Deze kranen, die alle net voor of in oorlogstijd (WO I) werden besteld en/of gebouwd hebben langere tijd aan de afbouwkade van Werf Gusto gelegen. Het was, alhoewel Nederland neutraal was in die oorlog, moeilijk zakendoen met beide ‘kampen’. Het viel niet mee exportvergunningen te krijgen voor de kranen, maar ook het vervoer over open water van deze uiterst langzaam voortbewegende objecten achter een sleepboot leverde moeilijkheden op. Sommige kranen, die voor het uitbreken van de vijandelijkheden waren besteld werden afbesteld, alhoewel niet echt duidelijk is welke dat waren.

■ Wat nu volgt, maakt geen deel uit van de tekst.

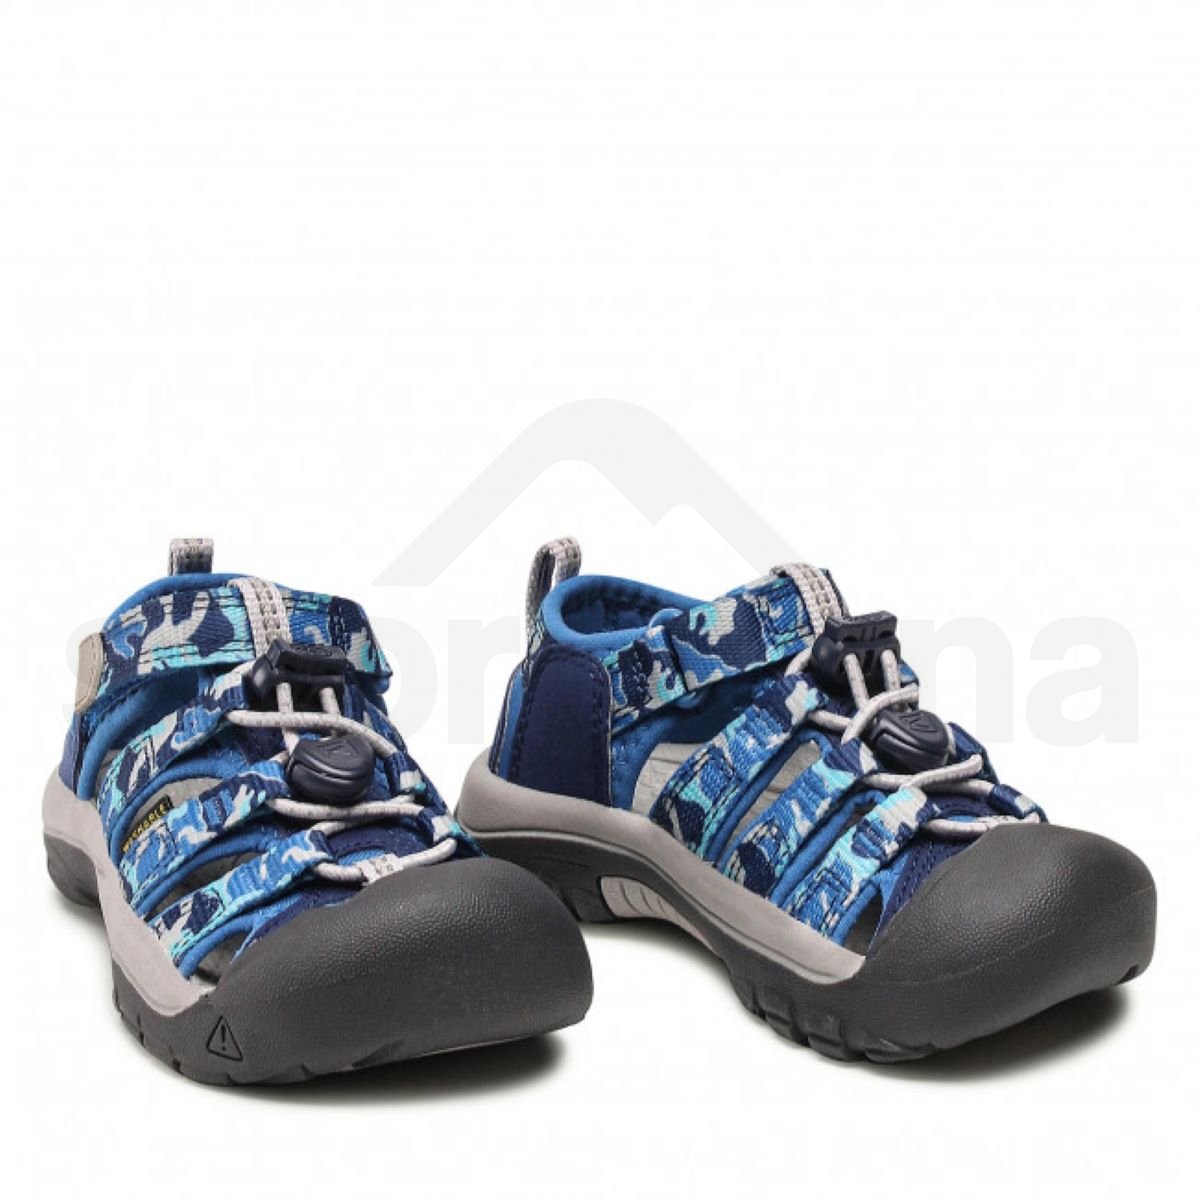 Obuv - sandály Keen Newport H2 K - světle modrá/tmavě modrá

De afgebouwde kranen werden toegevoegd aan de eigen voorraad en in een aparte onderneming ondergebracht, de ‘Exploitatie van Drijvende Kranen & Mastbokken,’ die de kranen verhuurde aan opdrachtgevers. Deze onderneming heeft bestaan tot 1939 en is toen opgeheven.
‘Anteo’ bouwnummer 446
Een aparte kraan vormde de dubbele kraan (2 x 200 ton) met het bouwnummer 447 voor de Italiaanse Marine. De `Anteo’ (Foto: 7) was speciaal ontworpen om gezonken onderzeeërs te lichten. De bouwtijd bedroeg twee jaar. De kraan werd afgeleverd in 1913. De meeste werden opgeleverd enkele jaren na het beëindigen van W01. De eerste, die verkocht werd was een kleinere versie van de standaard 150-ton kraan voor de haven van het Engelse Hullz (Foto: 8). De kraan was aangeschaft door de Joint Dock Co. Deze zelfvarende 80-ton versie werd afgeleverd in 1919. De ponton was op 2 februari 1915 te water gelaten. Het is niet duidelijk, of de kraan voor het uitbreken van de Eerste Wereldoorlog, op 28 juli 1914, was besteld of daarna.
‘Mammoth’ bouwnummer 488
De volgende kraan werd pas in 1922 verkocht. Dat was een 200-ton zelfvarende variant (Foto: 9). Deze kraan, die in de administratie stond met het bouwnummer 488, werd verkocht aan de Mersey Docks in Liverpool. De kraan werd aangeschaft bij Gusto, omdat hij klaar was en men hem hard nodig had. De aankoop leverde flinke kritiek in het thuisland op. Men vond het vreemd, dat een land met zo’n grote scheepsbouwindustrie en kraanbouw als Engeland een kraan moest aanschaffen bij het nietige Nederland. Deze kraan moest vaak grotere afstanden afleggen over open water. De kraan moest ondanks eigen aandrijving begeleid worden door minimaal een sleepboot, daar het moeilijk was met de ietwat `underpowered’ kraan een rechte lijn aan te houden.
Het was ook na de ervaringen met deze kraan, dat Werf Gusto besloot te stoppen met het aanbieden van drijvende kranen met eigen aandrijving (tenzij de kraan op een schip werd geplaatst en niet op een ponton). Bijkomend voordeel was, dat Werf Gusto de kranen goedkoper kon leveren, wat weer leidde tot een verbeterde concurrentiepositie. De ponton van de 488 was al op 14 november 1914 te water gelaten. Van deze kraan werd beweerd, dat ze was afbesteld door Rusland na de politieke ommekeer in 1917.
‘Titan II’ bouwnummer 489
In 1922 kwam de drijvende kraan ‘Titan 1’ van de Engelse scheepswerf ‘Swan Hunter’ uit Wallsend in nood, kapseisde en zonk. Deze kraan was een spil in het productieproces. Het verlies van de kraan stelde de werf voor grote problemen. Nieuwbouw kostte te veel tijd en men keek om naar een kraan, die snel aangekocht kon worden en de meteen inzetbaar was. Men vond die opvolger in Schiedam. De zelfvarende kraan met het bouwnummer 489, waarvan de ponton al op 29 augustus 1914 te water was gegaan lag kant en klaar te wachten aan de afbouwkade in Schiedam op een koper (Foto: 10). De Engelsen kochten de kraan en voegden hem snel toe aan het arsenaal. De kraan kreeg de naam ‘Titan II’. De kraan voldeed uitstekend en heeft eind 70’er jaren een nieuwe ponton gekregen, die door Swan Hunter zelf gebouwd was. De oude ponton is in Engeland gesloopt. Na het plaatsen van de kraan op de nieuwe ponton werd de naam gewijzigd in ‘Titan III’.